>>>>>

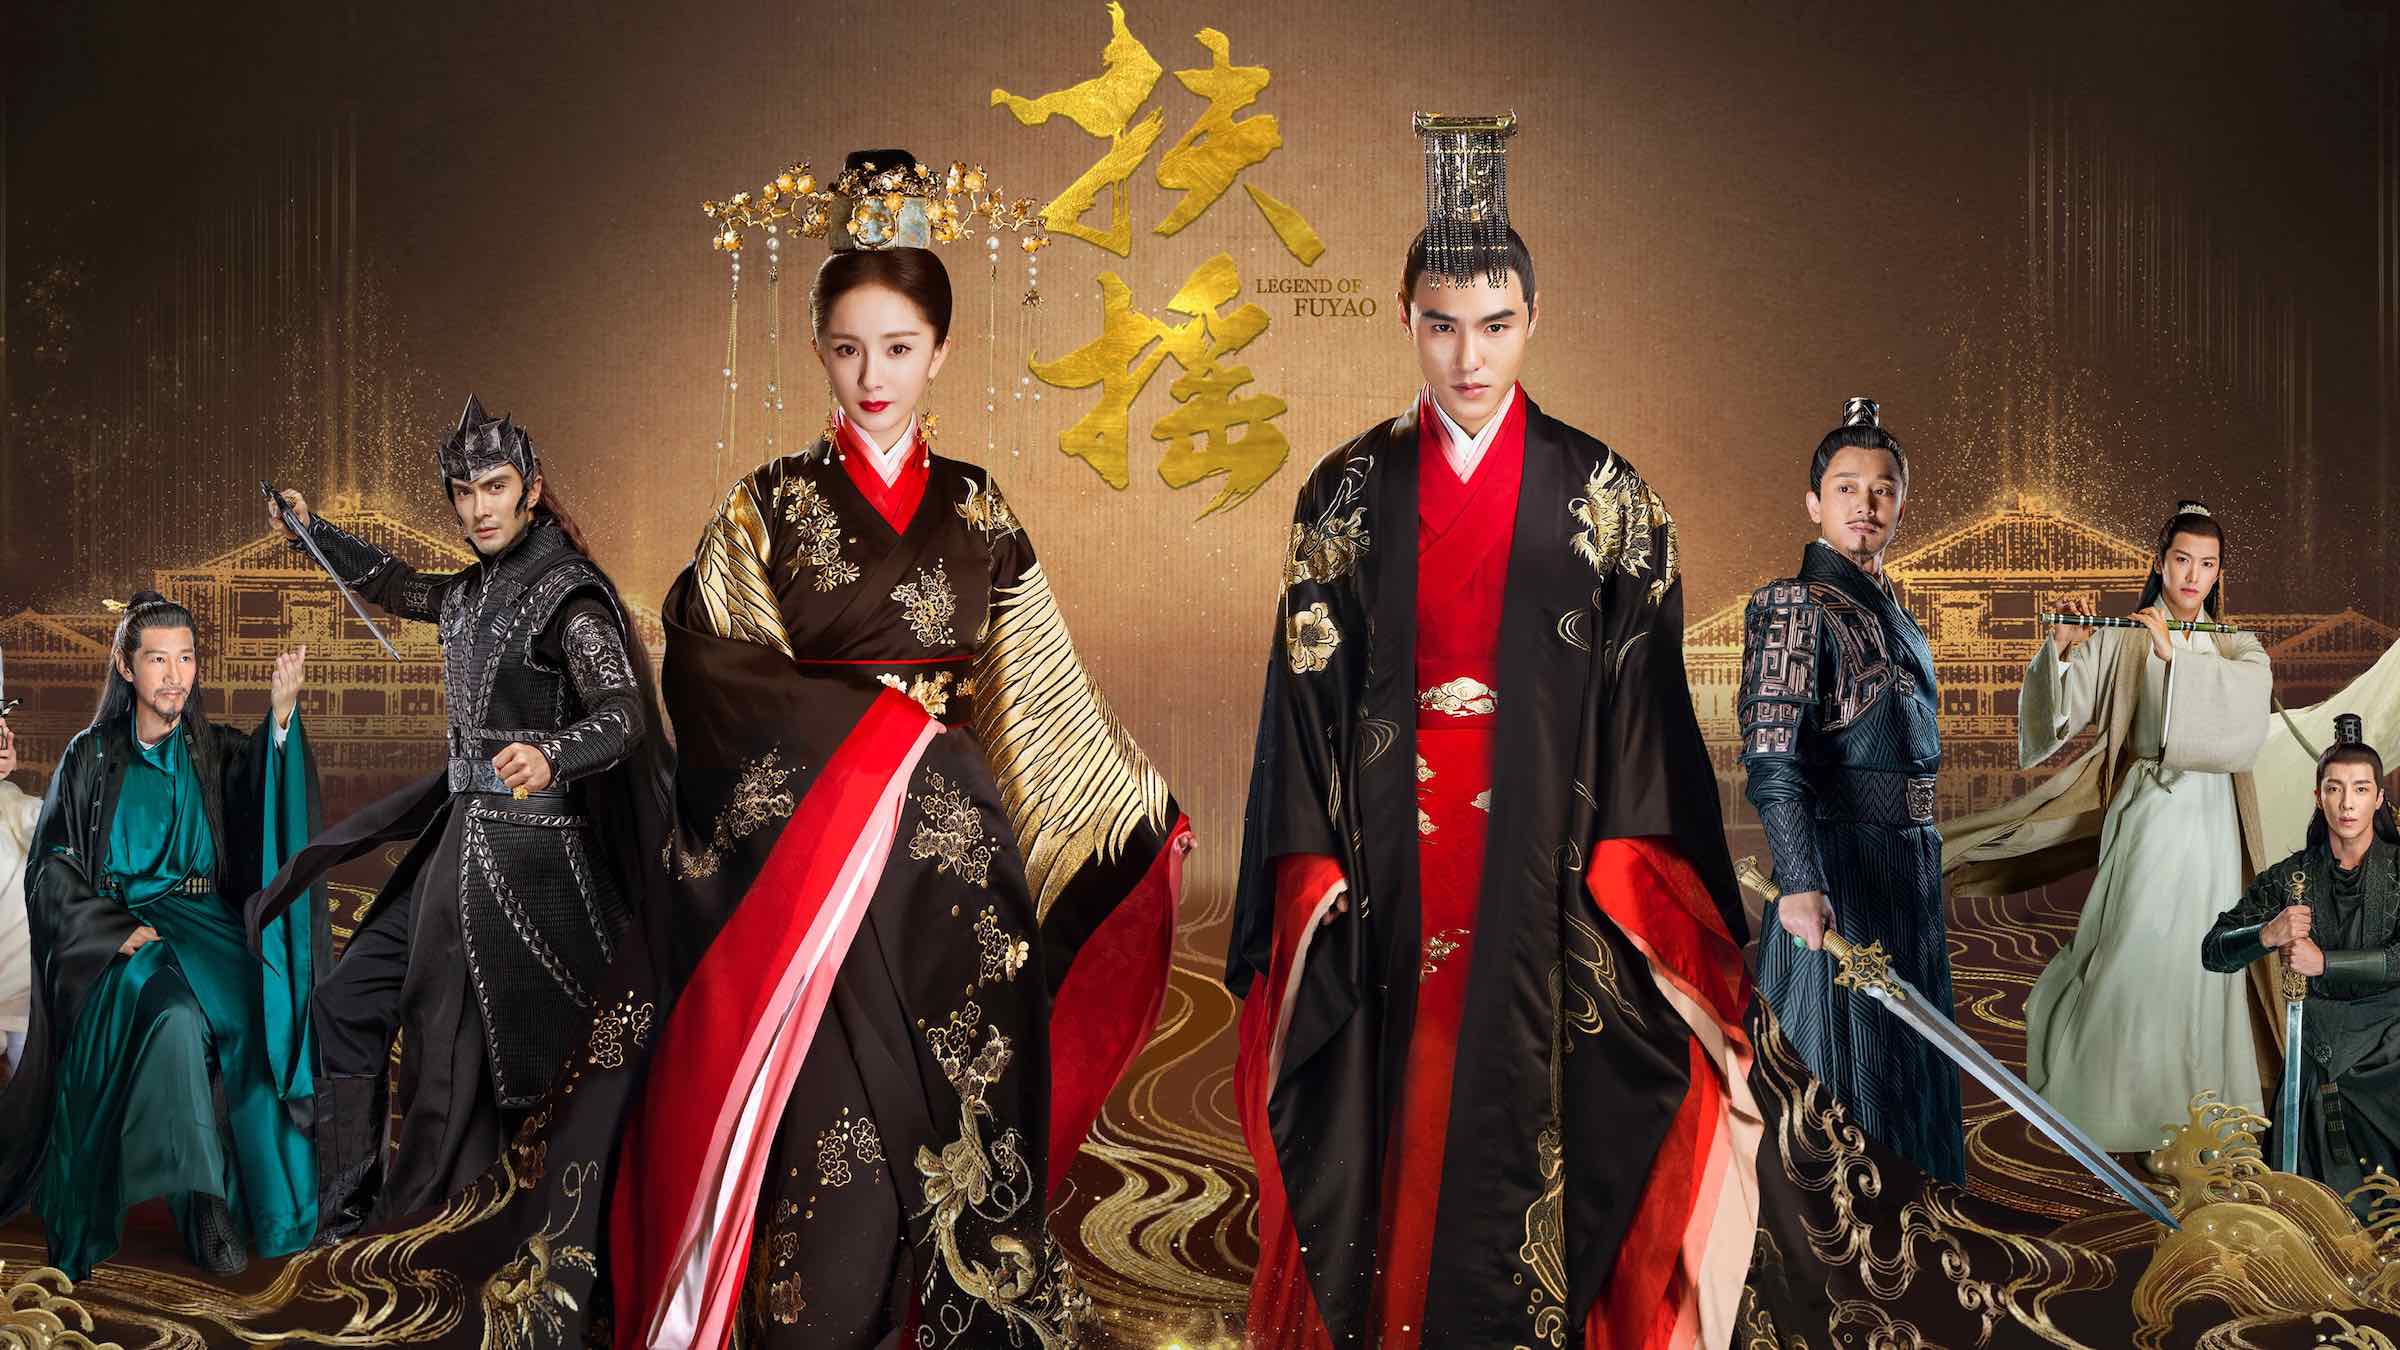 We’ve continued our quest for more enthralling C-Dramas after binging 'Legend of Fuyao'. Here’s the scoop on dramas we can’t get enough of!
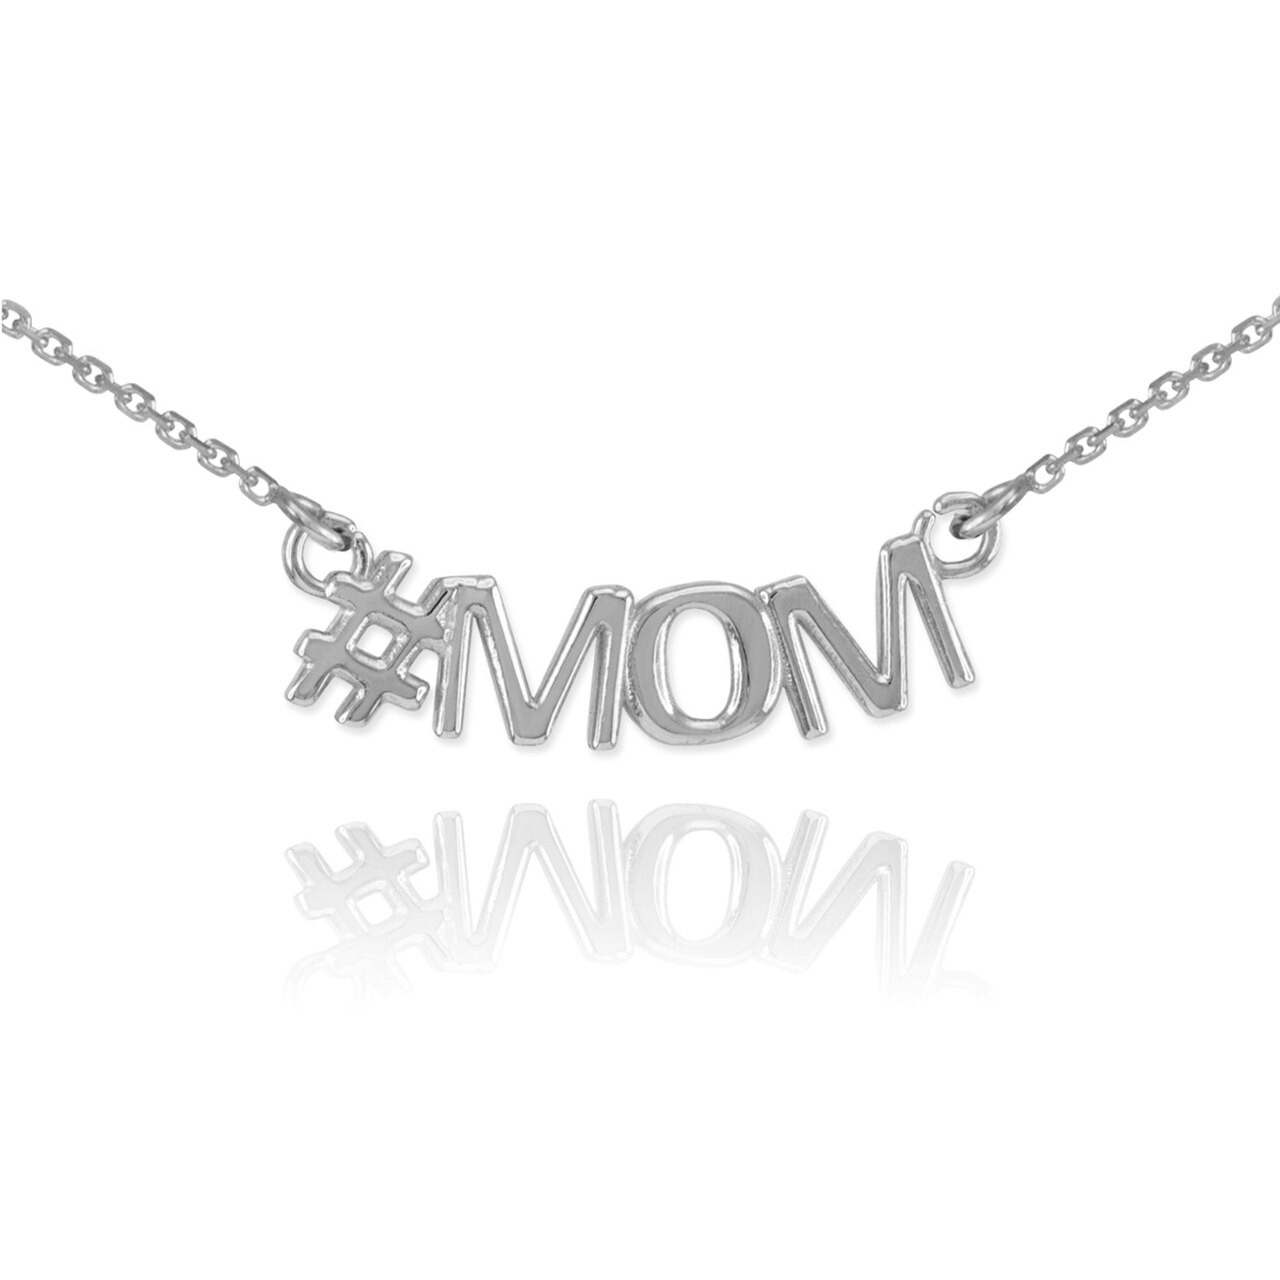 Mom Necklace White Gold
 14k White Gold MOM Necklace

<<<<<

• [Action item]
What is needed is an exact copy of the data, with the pictures removed.

• [Solved exercise]
 We’ve continued our quest for more enthralling C-Dramas after binging 'Legend of Fuyao'. Here’s the scoop on dramas we can’t get enough of!
 Mom Necklace White Gold
 14k White Gold MOM Necklace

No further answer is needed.